3.3 Nanoparticles for gene and nucleic acid delivery

Alongside protein and cytokine delivery, the revolution in nanoparticle-based gene and nucleic acid delivery is also a notable advancement in treating MDs.⁶⁷ They present a viable alternative to conventional AAV viral vector-based therapy, which poses risks of strong adaptive immune responses, as well as poor packaging and tissue specificity.⁶⁸ Therefore, researchers are increasingly exploring the potential of NPs for gene delivery.
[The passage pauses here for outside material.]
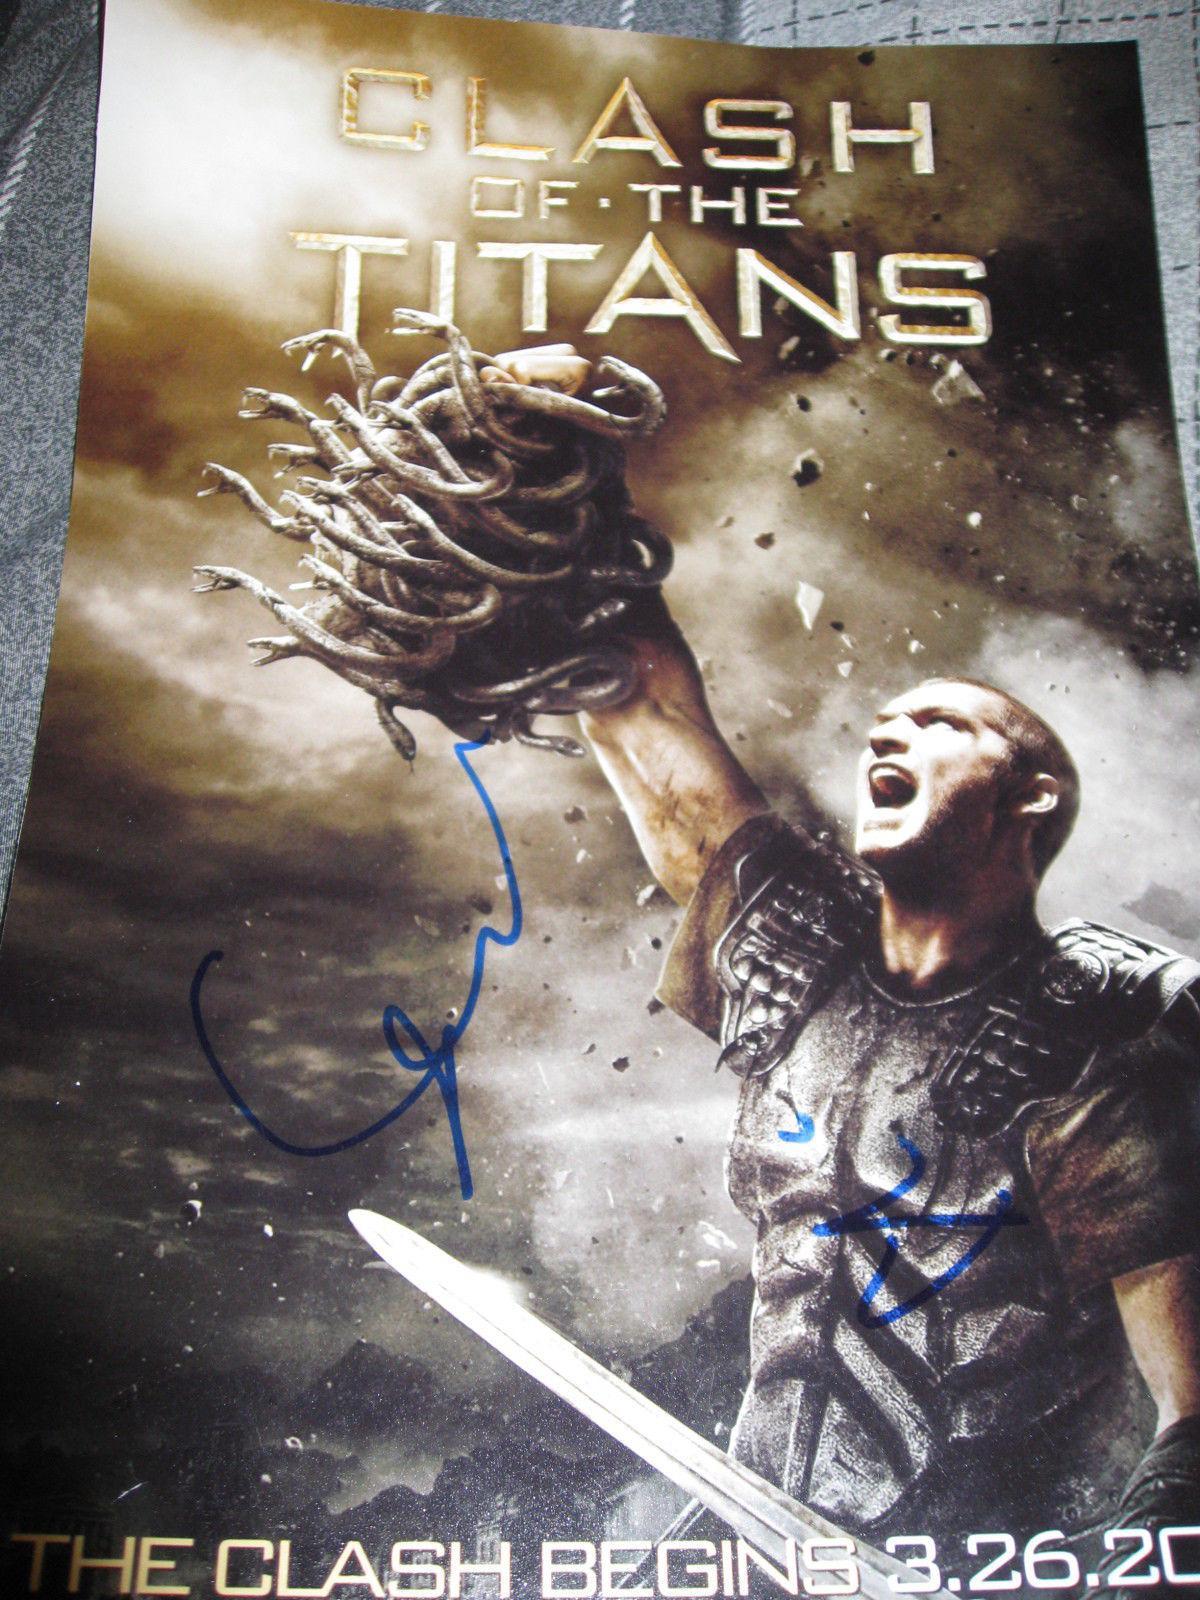 Sam Worthington Signed Autograph 11x14 Wrath Of The Titans In Person Coa Auto
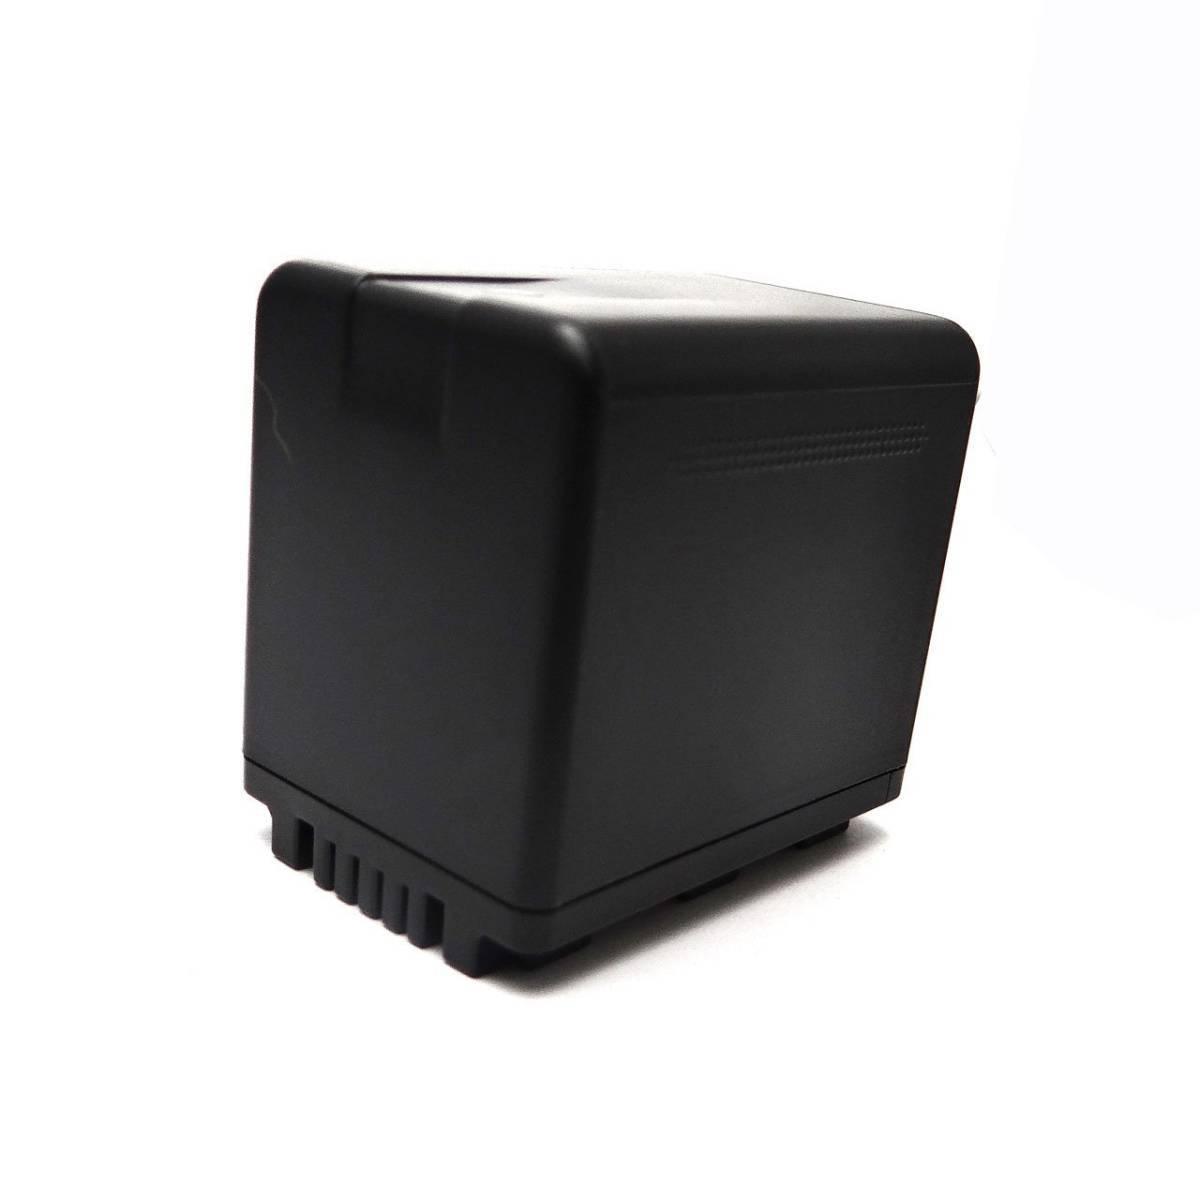 Panasonicパナソニック VW-VBK360-K互換バッテリーと互換デュアルUSBチャージャーHC-V700M/HC-V600M/HC-V300M/HC-V100M/HDC-TM90_画像3

Recently, R-HAp NPs (∼calcium phosphate core, surface-modified with arginine) have been used to deliver full-length dystrophin plasmids (∼18.8 kb) to primary mouse and human myocytes and patient-derived cells. Notably, effective expression was achieved with only 50 ng of plasmid, 20× less than Lipofectamine 3000, with sustained mRNA/protein expression for up to a week.⁶⁹ This non-viral, cost-effective strategy overcomes AAV size limitations and viral immunogenicity; however, in vivo studies are yet to be done to show its efficacy in an animal model.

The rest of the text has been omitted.